> **To do**: Could the listing be repeated exactly, with every picture dropped?

> **Source material**:

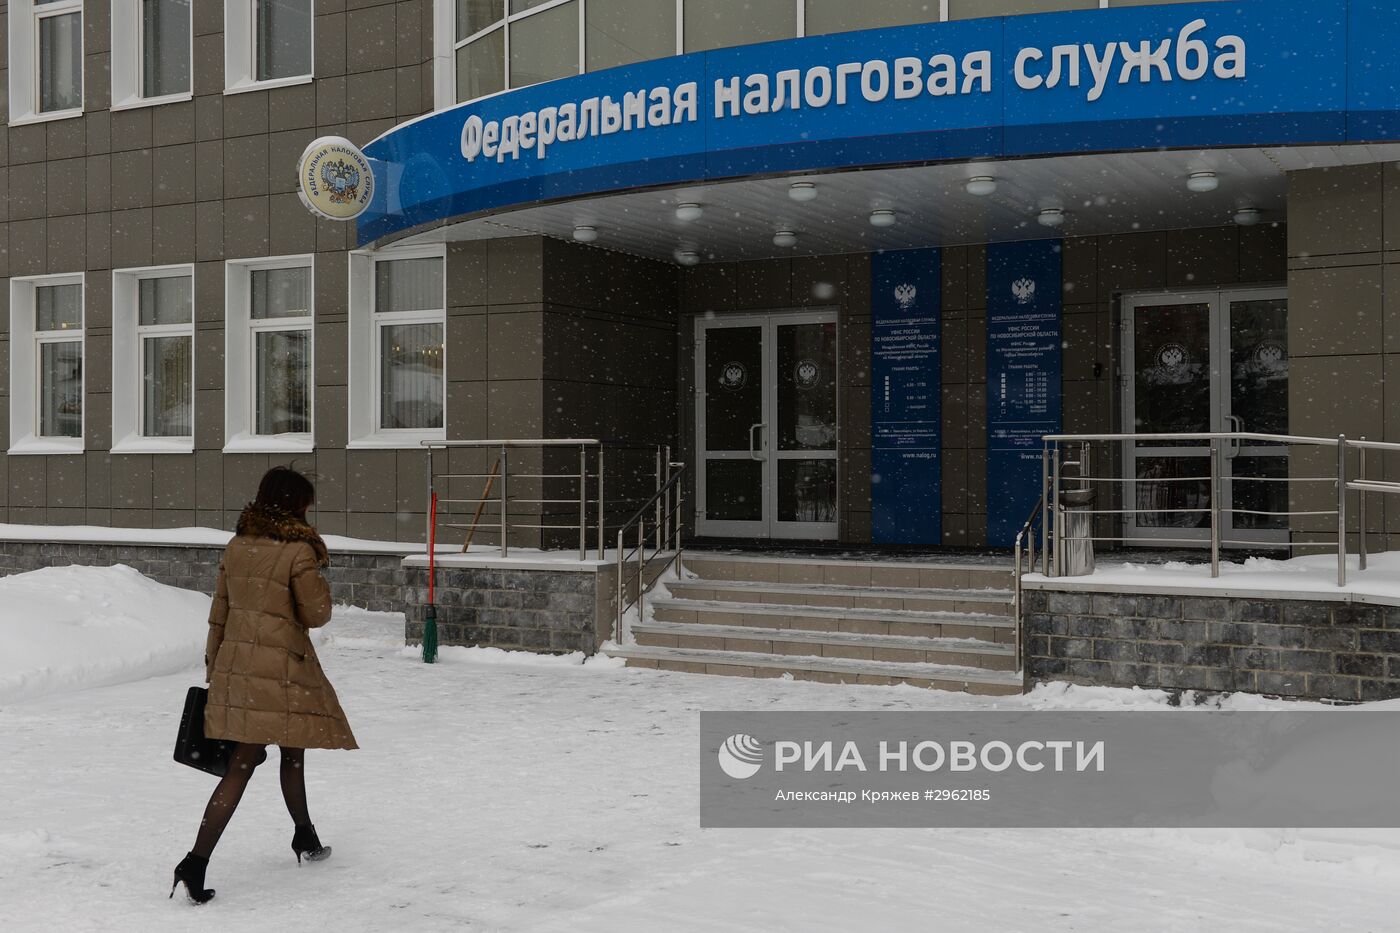 Инспекция Федеральной налоговой службы РФ в Новосибирске
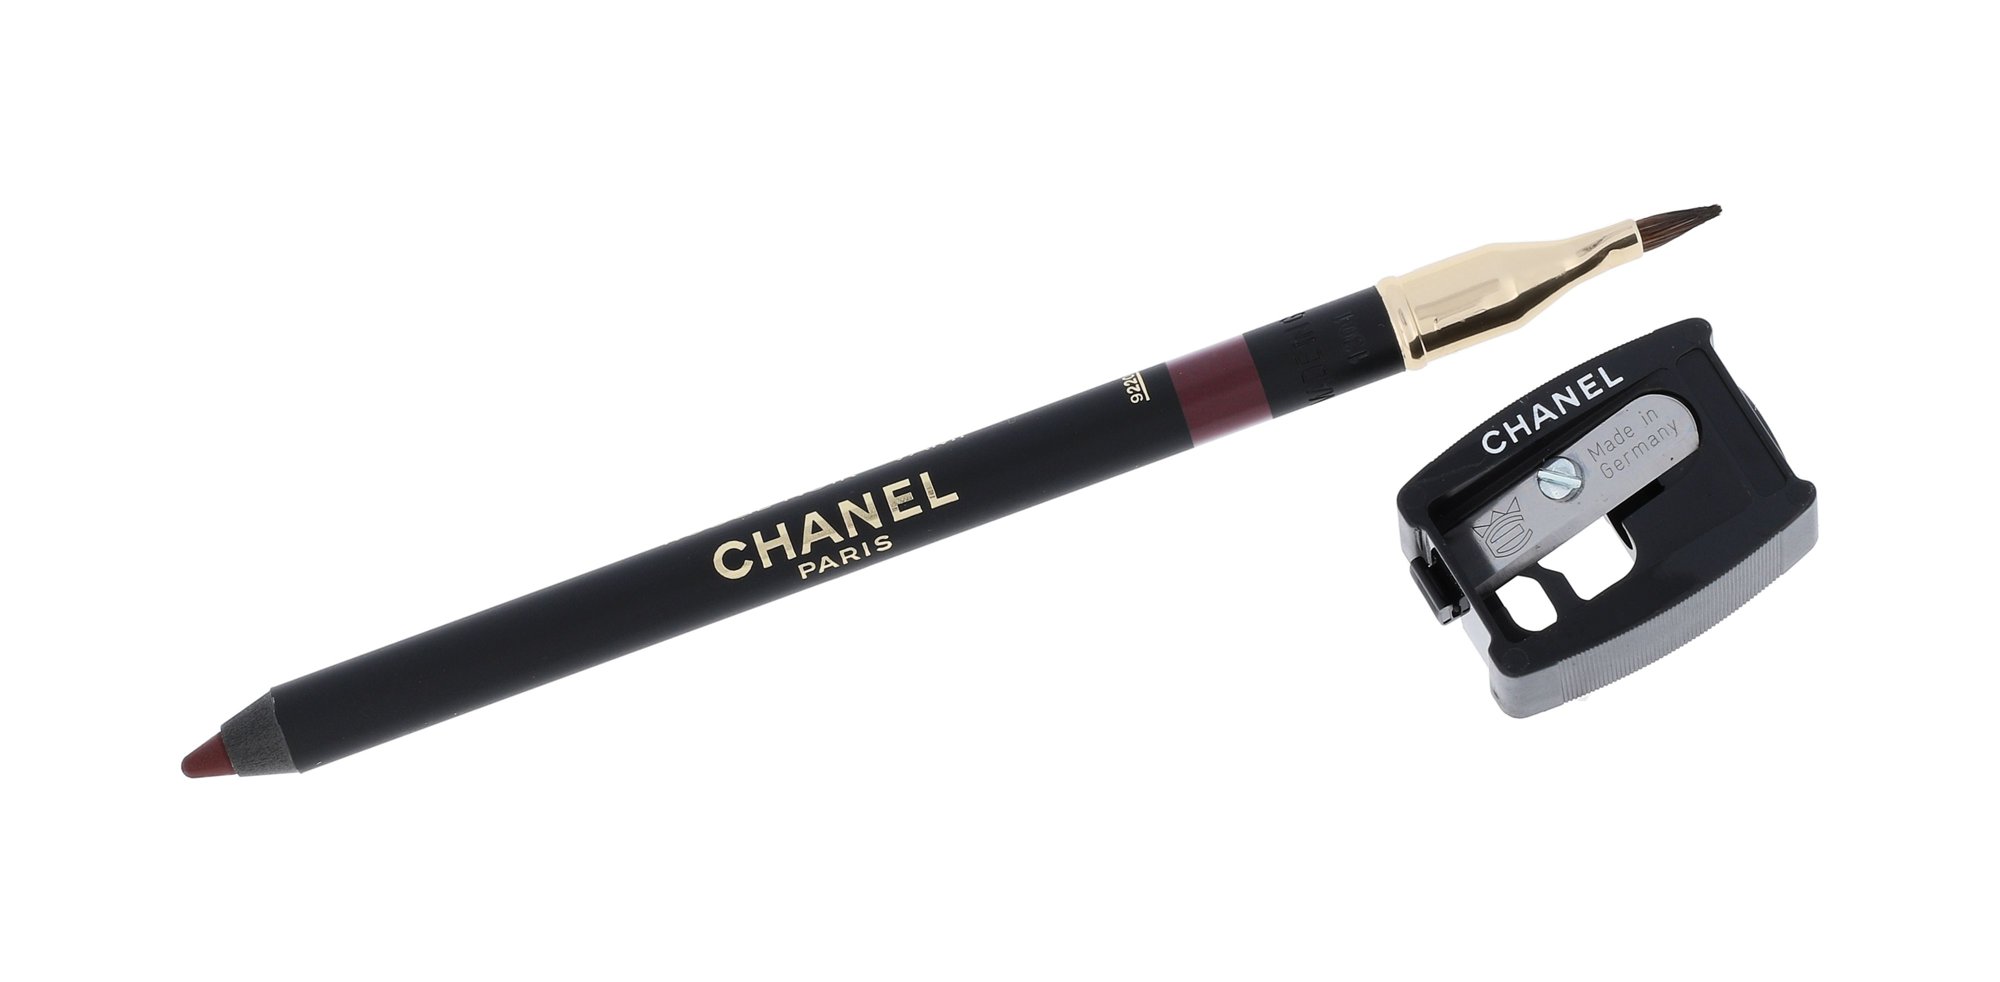 Chanel Le Crayon Levres lūpų pieštukas
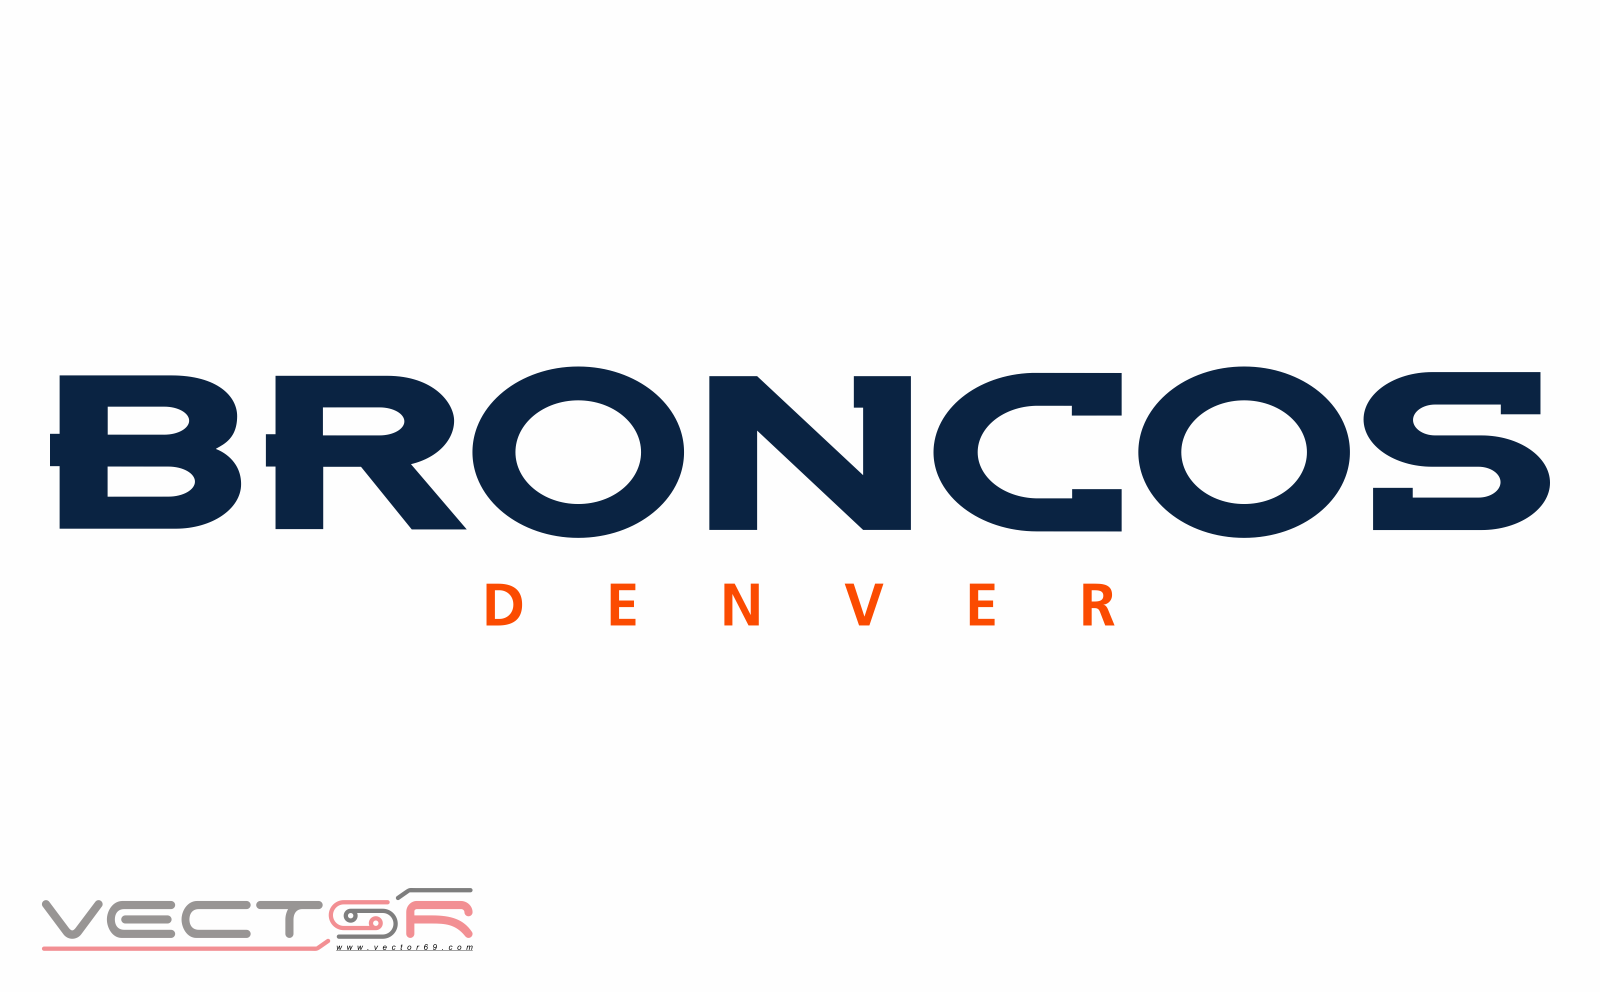 Denver Broncos Wordmark - Download Transparent Images, Portable Network Graphics (.PNG)

> **Answer to the problem**:
 Инспекция Федеральной налоговой службы РФ в Новосибирске
 Chanel Le Crayon Levres lūpų pieštukas
 Denver Broncos Wordmark - Download Transparent Images, Portable Network Graphics (.PNG)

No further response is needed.